Gobbi’s team found that, apart from fatigue which was more severe in 77 MS patients with depression (D-MS) than in 46 non-depressed patients (nD-MS), demographics, clinical findings, and conventional MRI characteristics did not differ between D-MS and nD-MS patients. As expected, MS patients experienced atrophy of the deep gray matter nuclei and of several cortical regions mainly located in the fronto-parietal lobes. White matter atrophy involved both infra- and supratentorial regions. T2 lesion distribution and regional GM and WM atrophy did not differ between D-MS and nD-MS patients.
Analysis of both combined and isolated effects of depression and fatigue on these findings showed a positive interaction between depression and fatigue at the level of the right superior frontal gyrus. Depression had a selective effect, when exclusively masked for fatigue, on atrophy of the left precentral gyrus and the right inferior frontal opercular region. No specific pattern of GM or WM atrophy related to fatigue, when masked for depression, was found.

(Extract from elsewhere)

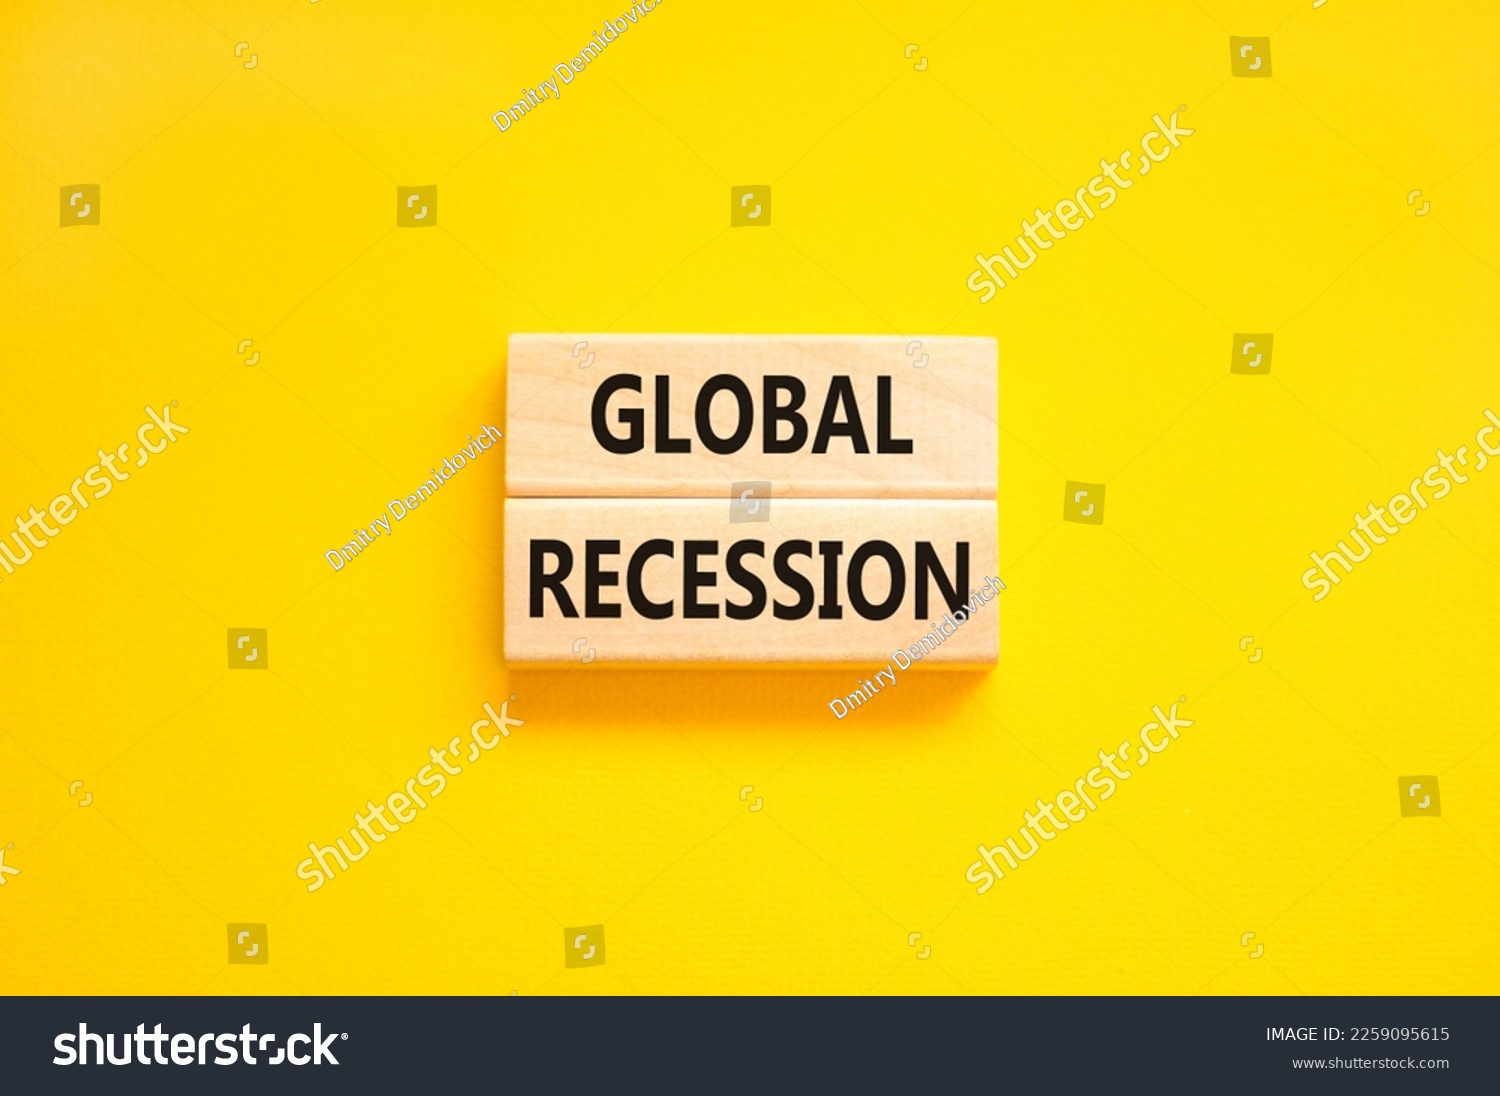 Global recession symbol. Concept words Global recession on wooden blocks. Beautiful yellow table yellow background. Business and global recession concept. Copy space. #2259095615

Gobbi concluded from these results that depression in MS had an effect on gray matter atrophy of regions in the bilateral frontal lobes. The concomitant presence of depression and fatigue was associated with atrophy of the right superior frontal gyrus. These patterns showed only a partial overlap with those observed in other non-MS related depressive disorders. Gobbi speculated that there may be a subset of structural changes peculiar to depression in MS.